Выбрать главу

Характер режима, установившегося в 90-е годы в России, следует определить как тиранию — власть немногих (олигархия), помноженную на тотальное беззаконие. В следующее десятилетие этот режим не претерпел существенных изменений. Более того, он окончательно утвердил легальность капиталов, приобретенных криминальным путем. Поэтому ранее скрытые миллиардеры стали открыто демонстрировать свое богатство, образовавшееся в результате невиданного в истории человечества грабежа собственной страны.

Можно ли что-то противопоставить «железным законам», по которым Россия получила антинародный политический режим и антинациональные имущественные «верхи»? В этой книге мы не разрешаем этот вопрос, затрагивая его только в заключении. Автор представляет лишь очерк истории 90-х годов, которые ему пришлось прожить, участвуя во многих событиях и анализируя их. Дело в том, что многие документы и высказывания известных лиц тех лет забываются. Однако, думается, стоит сохранить их для истории. Хотя действующие лица и обстоятельства с течением времени подавляющим большинством будут забыты, но общее представление о 90-х годах XX века должно быть выстроено правильно. Этому и служит книга, представленная читателю к 20-летию разрушения целостности нашей страны в результате государственного переворота, совершенного Ельциным и его сторонниками в 1991 году.

Понимание происшедшей с Россией трансформации — один из шагов к тому, чтобы выйти на путь избавления от олигархии и утверждения национальной власти. Что и является, по мнению автора, главной целью и задачей всех патриотических сил страны.

ПРОГРАММЫ И ВЗГЛЯДЫ ЕЛЬЦИНИСТОВ

Финал 80-х годов — это бурлящие собрания интеллигенции во всех аудиториях, которые только можно было задействовать. Салтыков-Щедрин писал о подобной обстановке, возникшей в русском обществе, дорвавшемся до образования, но еще не способного к здравомыслию: «Кого ни послушаешь, все на что-то негодуют, жалуются, вопиют. Один говорит, что слишком мало свобод дают, другой, что слишком много; один ропщет на то, что власть бездействует, другой — на то, что чересчур достаточно действует; одни находят, что глупость нас одолела, другие — что слишком мы умны стали; третьи, наконец, участвуют во всех пакостях и, хохоча, приговаривают: ну где такое безобразие видано?! Даже расхитители казенного имущества — и те недовольны, что скоро нечего расхищать будет».

Где бы ни собирались «демократы» — набивались полные залы. Преимущественно это кипение разума возмущенного происходило в Москве, в аудиториях московских вузов. Но казалось, что сотрясается все страна. Московская интеллигенция валом валила на собрания, которые казались каким- то откровением, прорывом к информации, доселе недоступной, приобщением к творящейся на глазах истории.

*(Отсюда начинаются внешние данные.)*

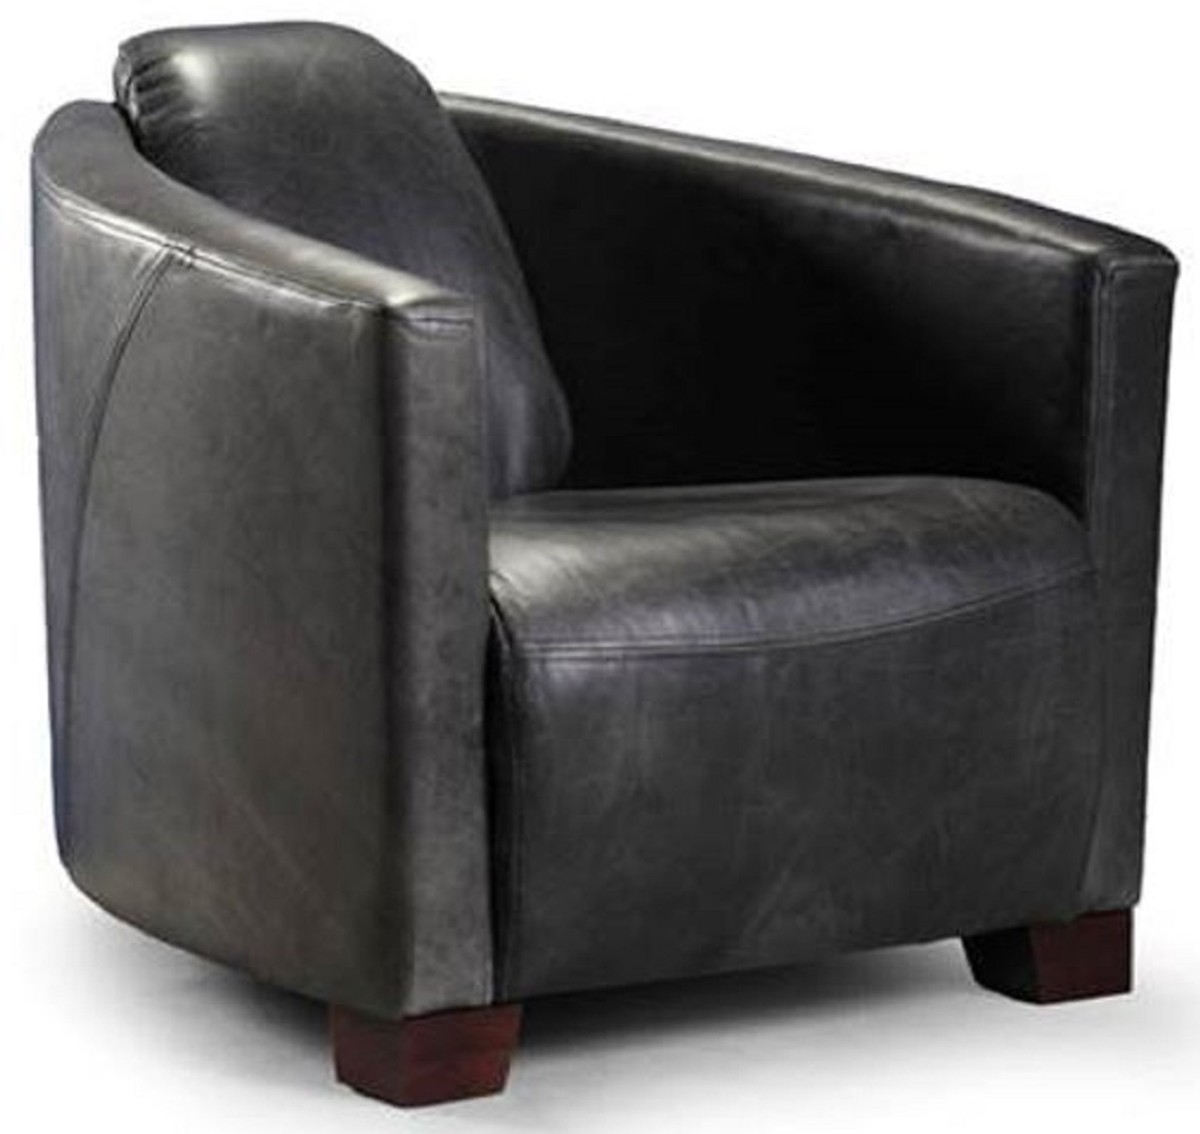 Casa Padrino fauteuil baroque de luxe en cuir marron foncé / marron -  Fauteuil de salon en cuir
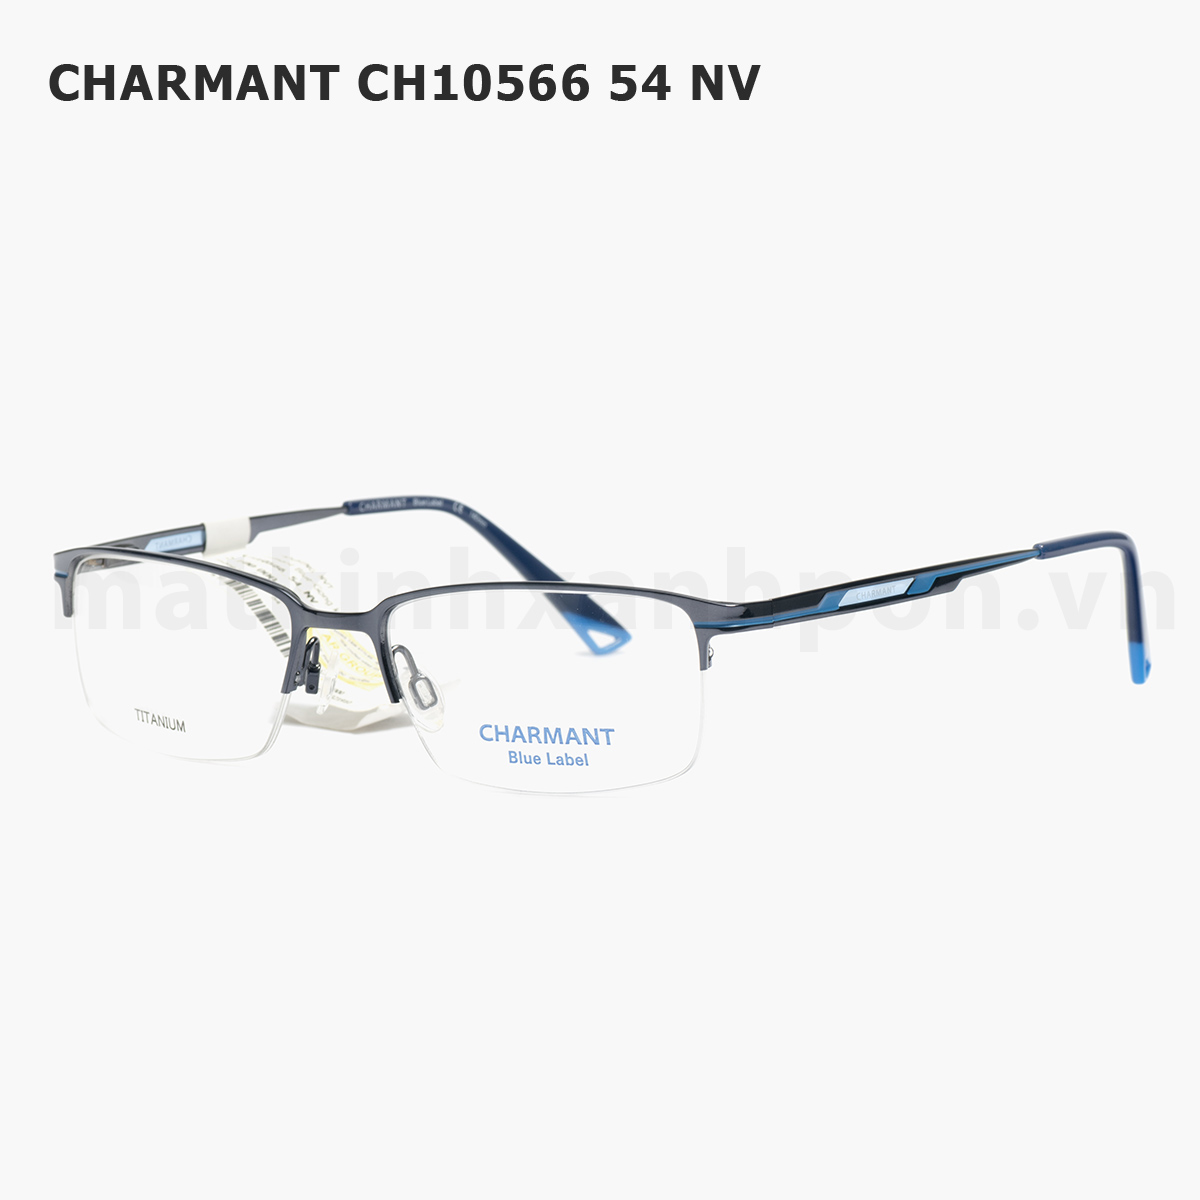 Charmant CH10566 54 NV

Сегодня мало кто помнит, что тогда говорили «демократы», чего требовали, чего обещали на случай прихода к власти. Собственно, о власти они и не мечтали. СССР и при нарастающем хаосе оставался незыблемым, поскольку подавляющее большинство народа хоть и липло к телеэкранам, где начали транслировать политические спектакли, но все же не помышляло о том, что страну можно расчленить или отдать власть в руки вот этим горлопанам. То же самое было и в элите: там, где знали, сколь тяжко нести ответственность власти, никто не рассматривал Ельцина, Гавриила Попова или Собчака как потенциальных властителей. В них видели разве что инструмент для снятия устаревшей и нетворческой «верхушки» КПСС.

Так о чем же вещали «демократы», внезапно получившие всеобщую известность — сначала по публикациям, а с 1989 года — по трансляциям Съездов народных депутатов?

Главное, на чем строился теневой интерес слоя политиков, возникшего из тусовок неформалов и «демо-коммунистов», — это реформа государственной власти, способная перераспределить властные полномочия и хотя бы слегка расчистить иерархическую пирамиду. Но в 1989–1990 годах этот вопрос еще не был основным, о разрушении государственного единства и системы хозяйственного управления еще никто не помышлял. Правда, КГБ уже был сориентирован на изменников, которым позволялось говорить все, что угодно. Но за прямые призывы к разрушению страны еще можно было если не угодить за решетку, то заслужить всеобщее презрение. Народ хотел иной жизни — более свободной, но вовсе не собирался разрушать свой дом.